X-2/x-3+x-4/x-5=10/3

The given equation is:
{tex}\frac { x - 2 } { x - 3 } + \frac { x - 4 } { x - 5 } = \frac { 10 } { 3 }{/tex}

By cross multiplication method we have,
{tex} \frac { ( x - 2 ) ( x - 5 ) + ( x - 4 ) ( x - 3 ) } { ( x - 3 ) ( x - 5 ) } = \frac { 10 } { 3 }{/tex}
{tex}\Rightarrow \frac { \left( x ^ { 2 } - 7 x + 10 \right) + \left( x ^ { 2 } - 7 x + 12 \right) } { \left( x ^ { 2 } - 8 x + 15 \right) } = \frac { 10 } { 3 }{/tex}
{tex}\Rightarrow \frac { \left( 2 x ^ { 2 } - 14 x + 22 \right) } { \left( x ^ { 2 } - 8 x + 15 \right) } = \frac { 10 } { 3 }{/tex}
{tex}\Rightarrow{/tex} 3(2x² - 14x + 22) = 10(x² - 8x + 15) [ by cross multiplication method ]

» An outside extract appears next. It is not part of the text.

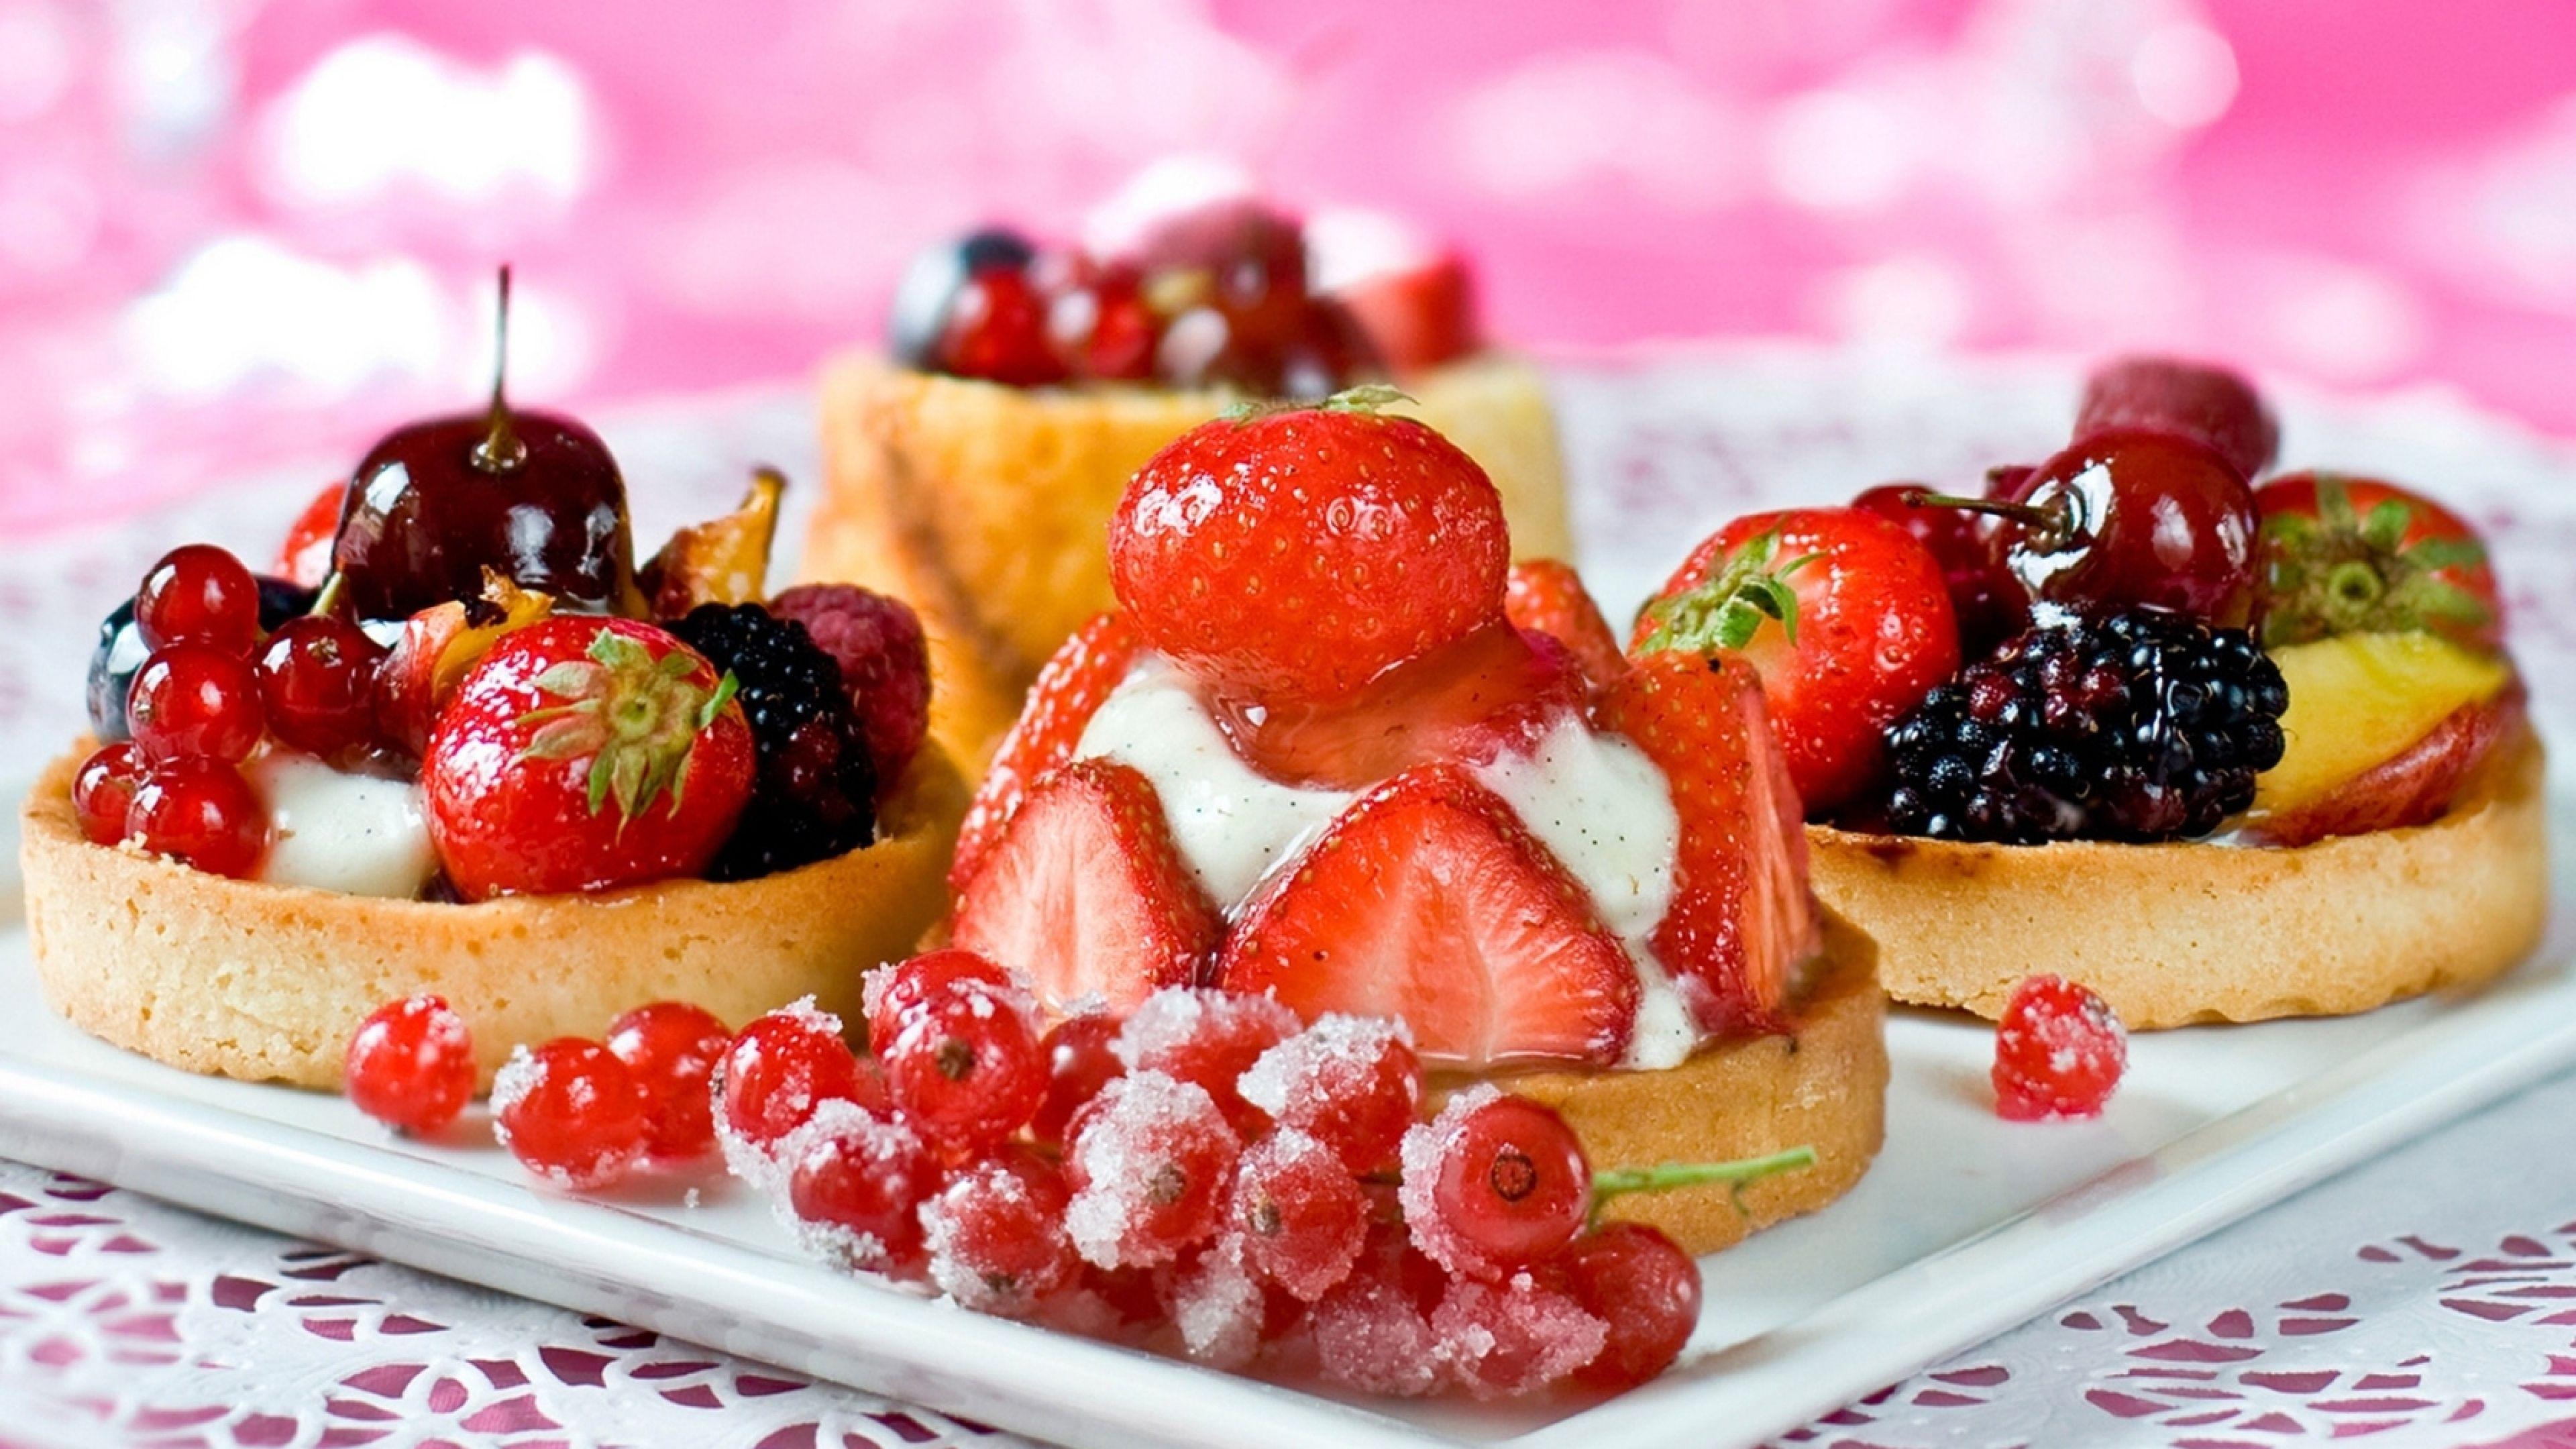 sweet desserts - Google Search

{tex}\Rightarrow{/tex} 6x² - 42x + 66 = 10x² - 80x +150
{tex}\Rightarrow{/tex} 4x² - 38x + 84 = 0 {tex}\Rightarrow{/tex} 2x² - 19x + 42 = 0
{tex}\Rightarrow{/tex} 2x² - 12x - 7x + 42 = 0 {tex}\Rightarrow{/tex} 2x(x -6 ) - 7(x - 6) = 0
{tex}\Rightarrow{/tex} (x - 6)(2x - 7) = 0 {tex}\Rightarrow{/tex} x - 6 = 0 or 2x - 7 = 0
   Either x = 6 or x = {tex}\frac{7}{2}{/tex}.
Hence, the roots of given equation are 6 and {tex}\frac{7}{2}{/tex}.